Well, it was only a matter of time, right? I mean, let’s face it, RAGE Zombies do seem like they are pretty fit. You know, bustling with energy and vip and vim and vigor. Meanwhile, you are slouched down in your office chair, staring at a screen with barely the energy to stand up and walk over to the vending machine for some swiss cake rolls.
Hmm.. if only there were some way to get all the unbridled energy of the RAGE zombie without all the purification and maggots and whatnot. Hay, don’t worry friend, we’ve got the solution for you. Zombie Blood Energy Potion!
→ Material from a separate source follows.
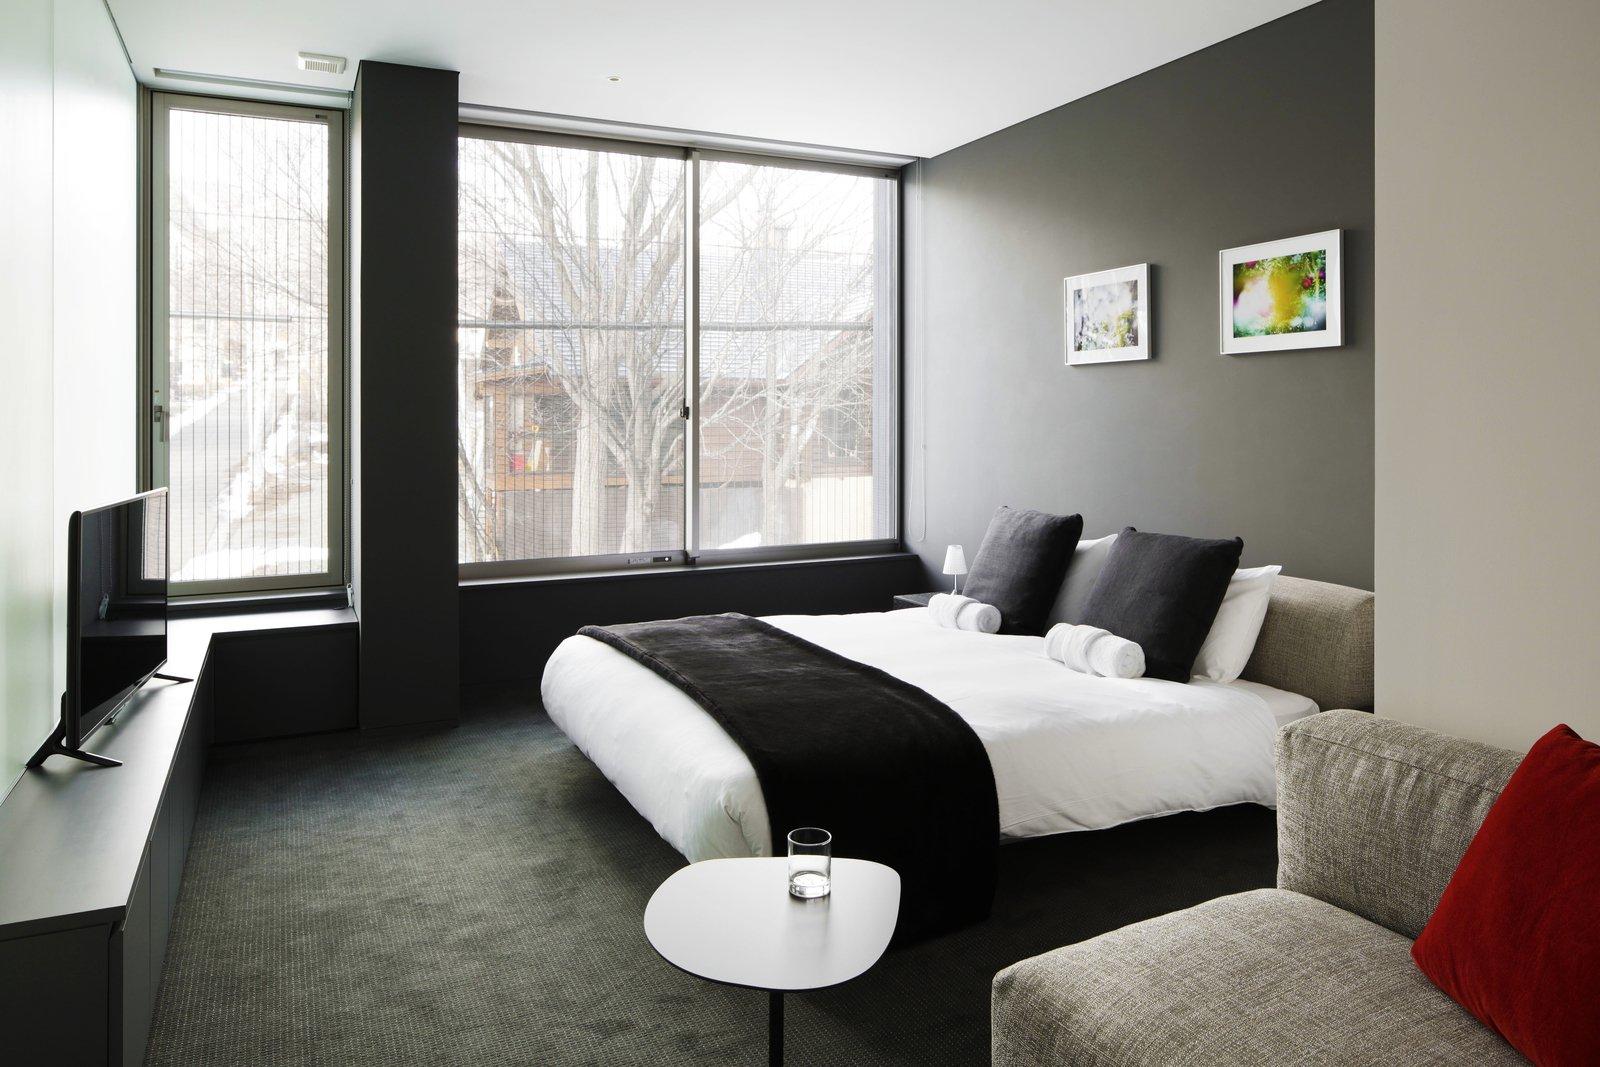 Terrazze 302 yotei master bedroom large

Nope, this isn’t a gag. It’s a freaking nuclear green drink that comes in it’s own IV Bag. So, I guess it’s like a Capri Sun of Evil, chock full of caffeine and vitamins. Here, take a peak:
I know what you’re thinking, though. What if I get addicted? How can I stockpile enough of this stuff for the looming apocalypse? No problem. You can actually buy a freaking box of 12 with the display case and everything. Perfect for those zombie-themed all-night rave parties. Or, study groups, if you are a nerd.
Now, if only they made an alcoholic version of this stuff. I need something to fill the void that Sparks has left in my life. Sounds like it’s time to brew up some boozed-up bathtub version and get rich!